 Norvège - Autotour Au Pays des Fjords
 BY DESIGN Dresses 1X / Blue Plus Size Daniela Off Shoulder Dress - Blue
...
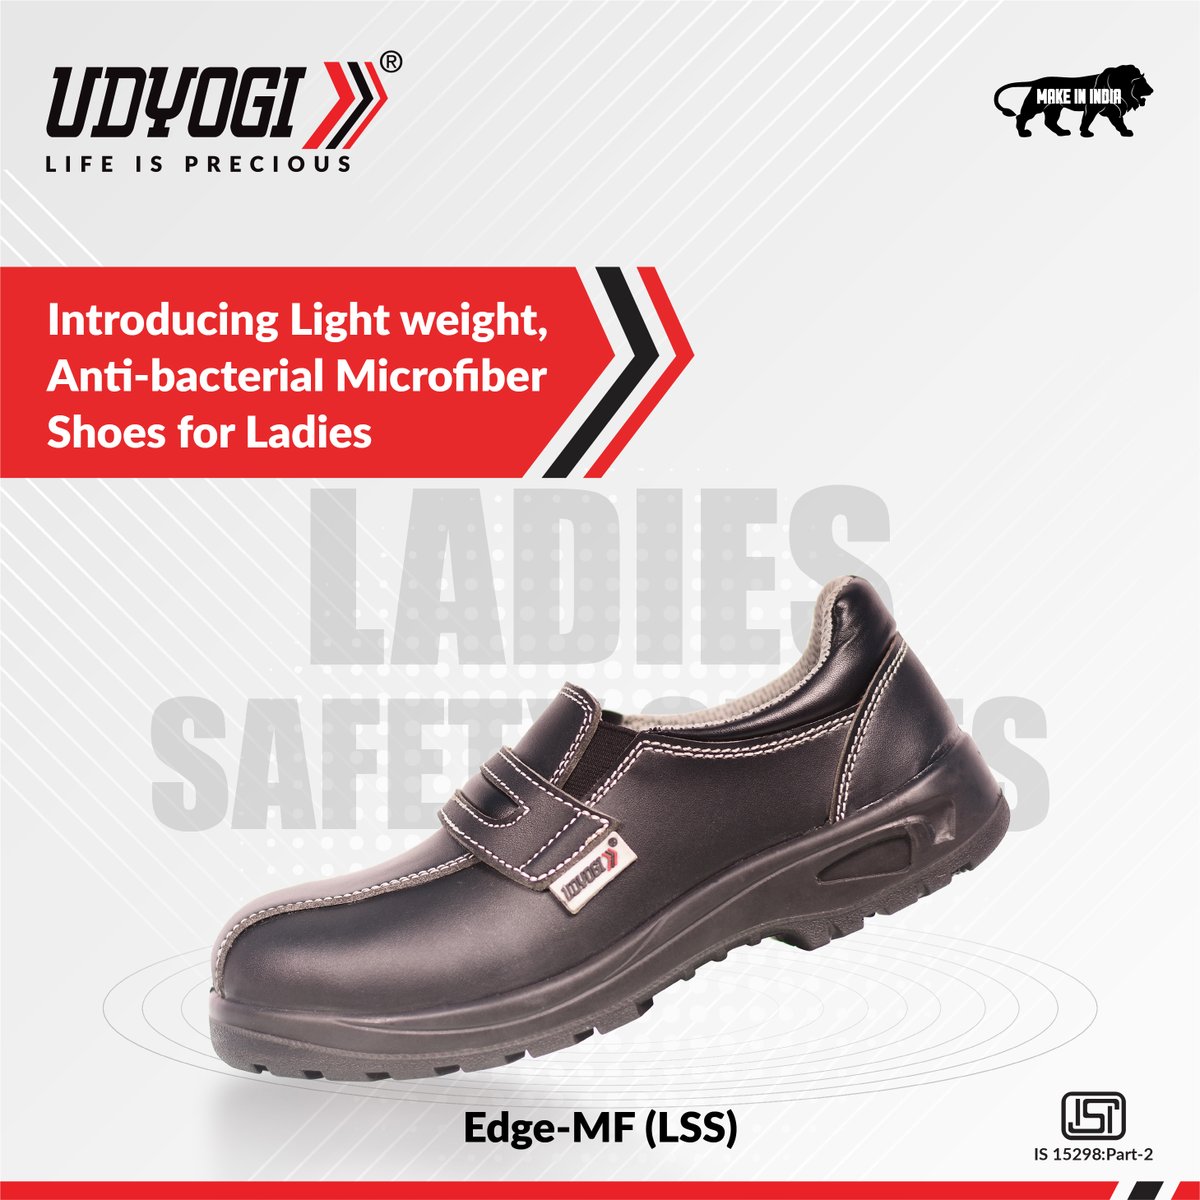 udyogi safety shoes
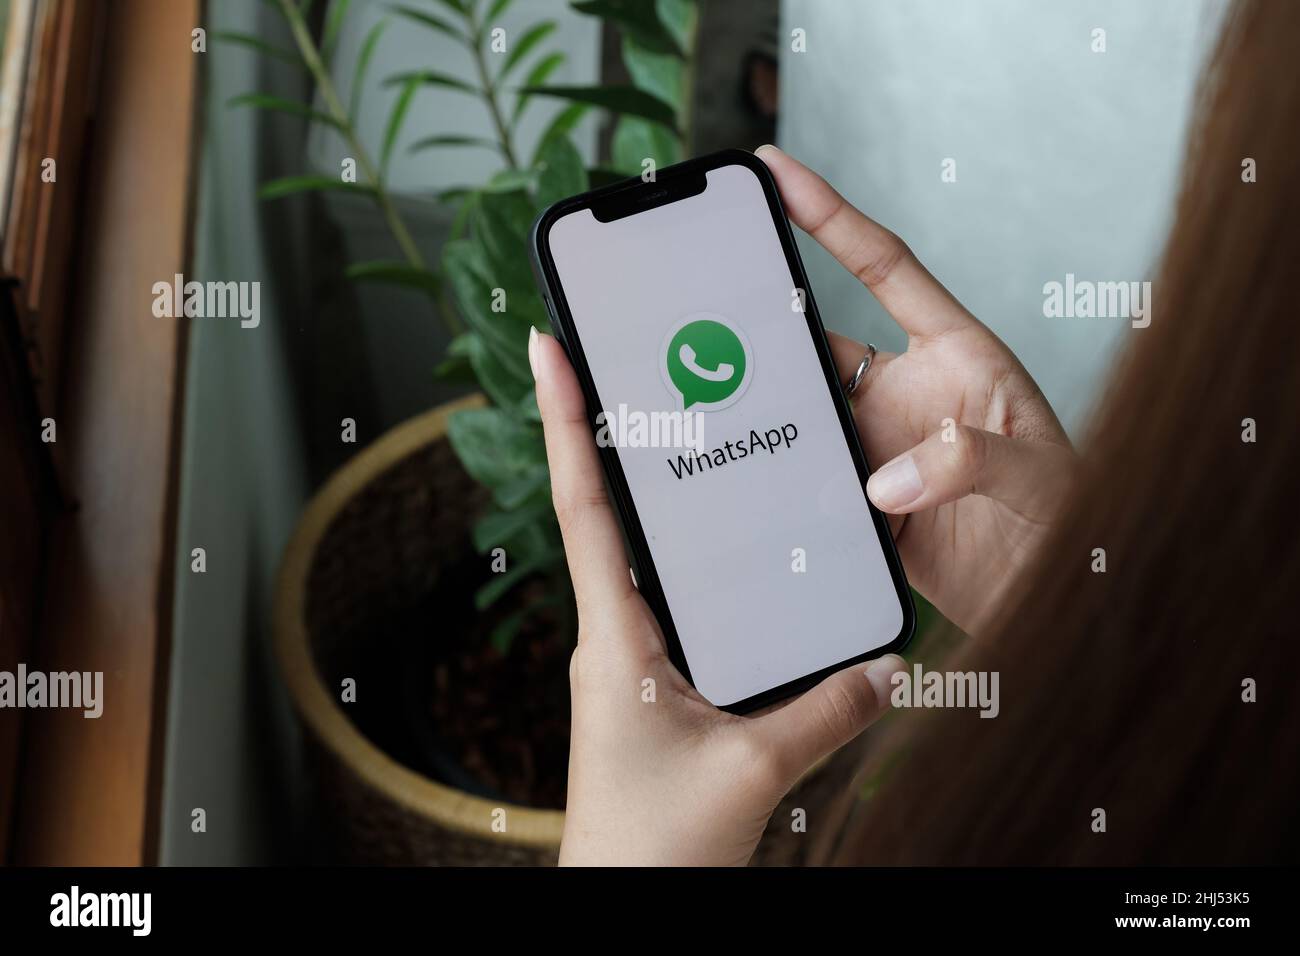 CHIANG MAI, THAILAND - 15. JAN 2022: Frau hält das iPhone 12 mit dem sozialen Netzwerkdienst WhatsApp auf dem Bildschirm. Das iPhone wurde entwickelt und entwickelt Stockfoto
--
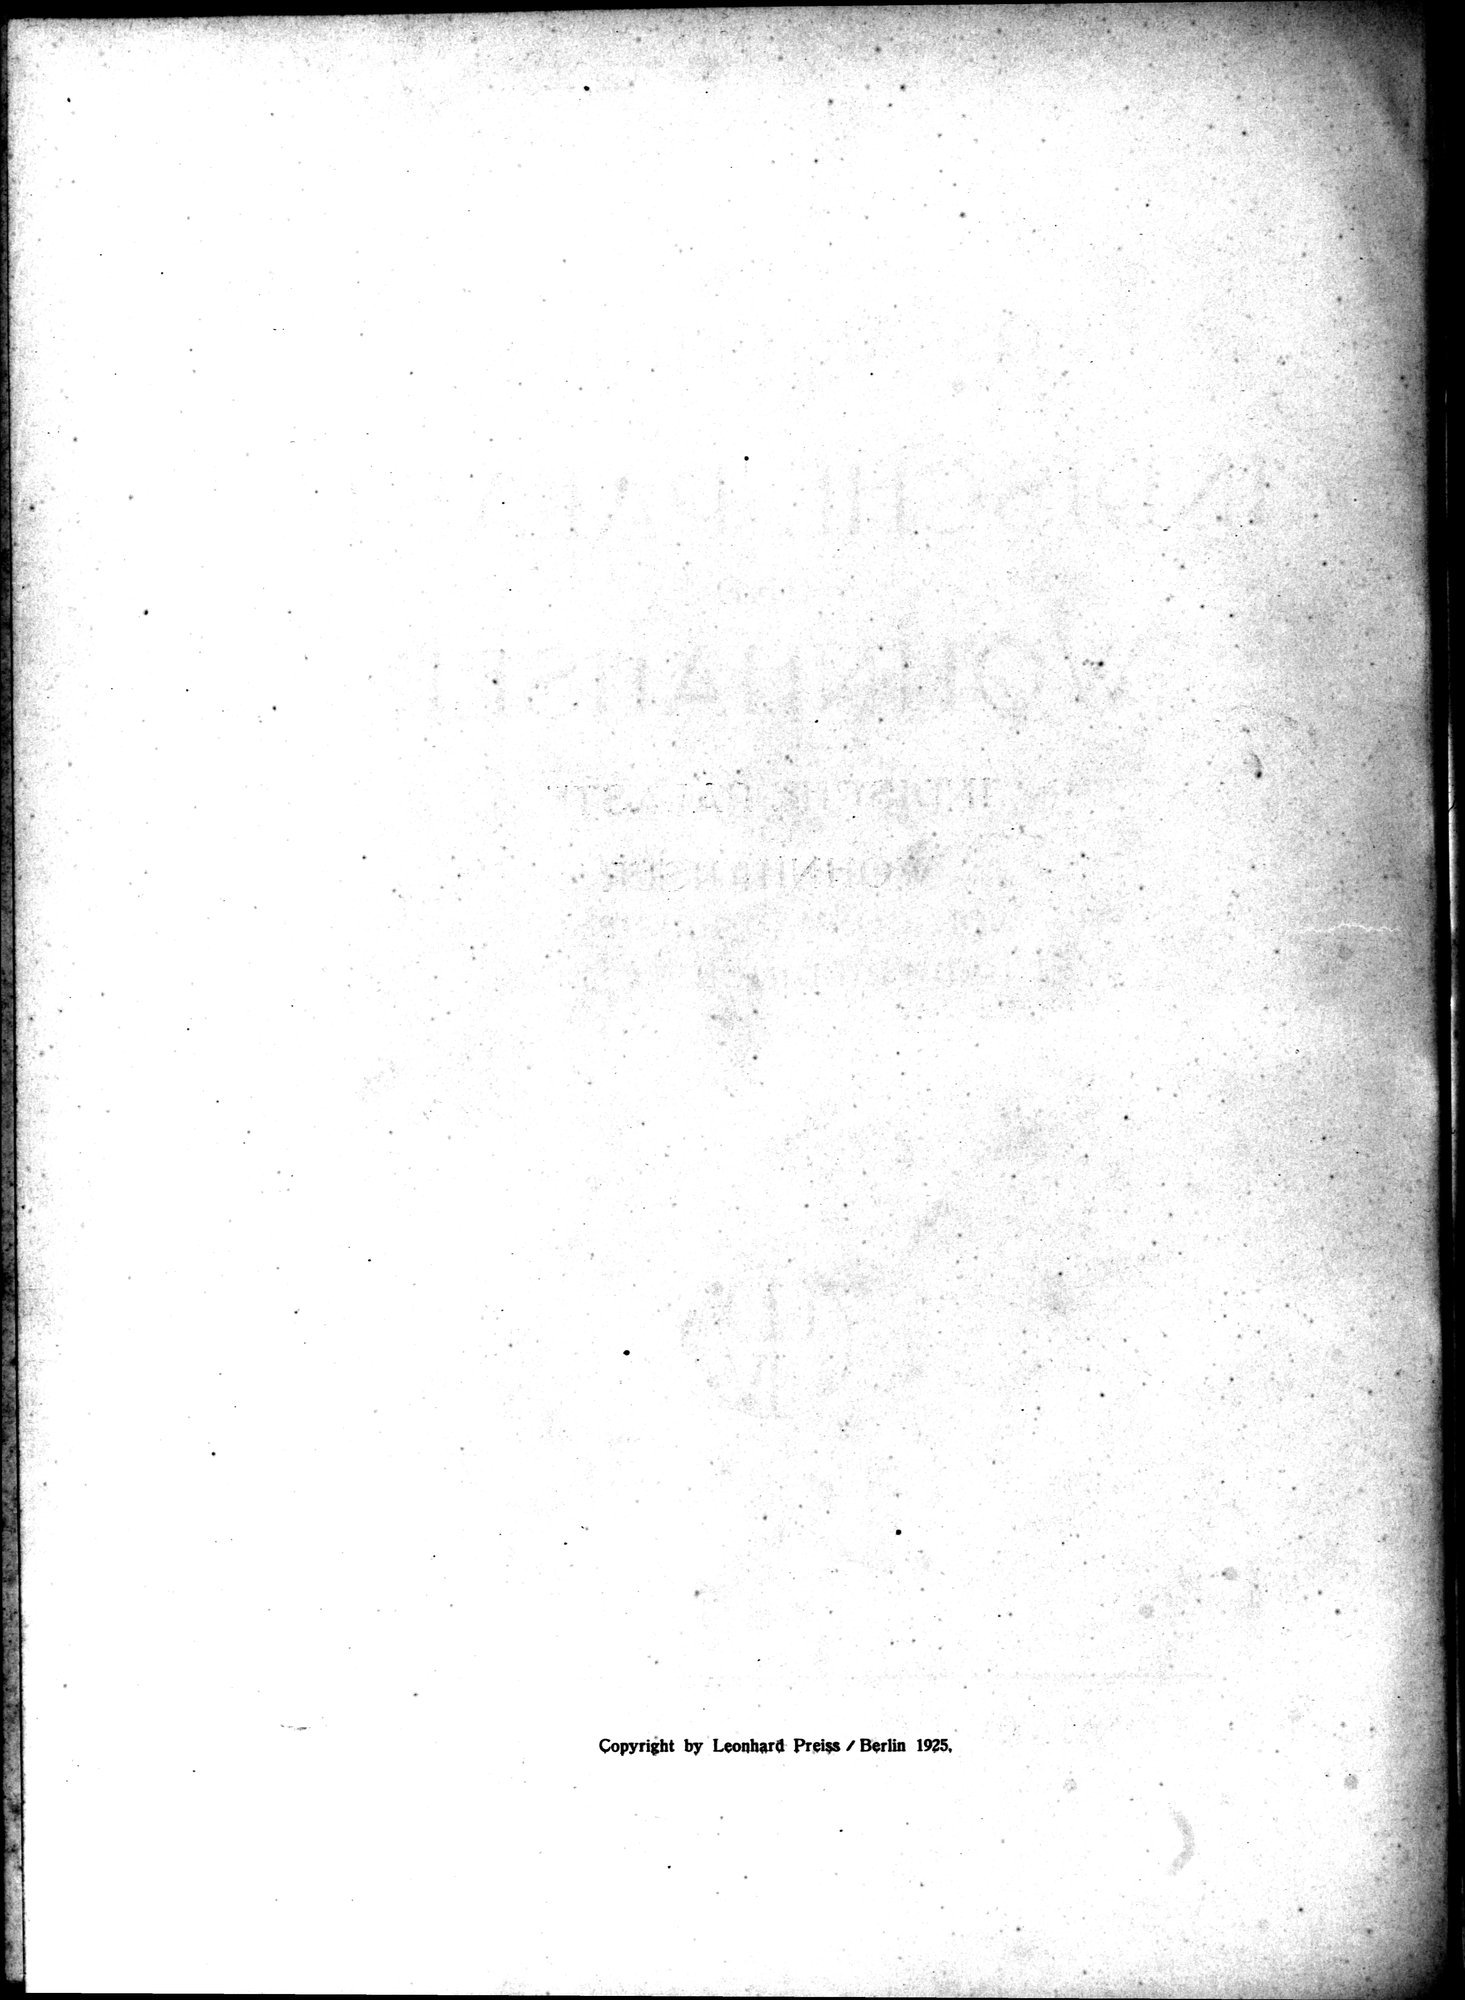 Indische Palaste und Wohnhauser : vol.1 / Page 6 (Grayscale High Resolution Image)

#### Work instructions:
Look above for the line with "Norvège - Autotour Au Pays des Fjords" and the line with "BY DESIGN Dresses". Retype those two lines and every line between them exactly, adding nothing.

#### Response:
 Norvège - Autotour Au Pays des Fjords
 BY DESIGN Dresses 1X / Blue Plus Size Daniela Off Shoulder Dress - Blue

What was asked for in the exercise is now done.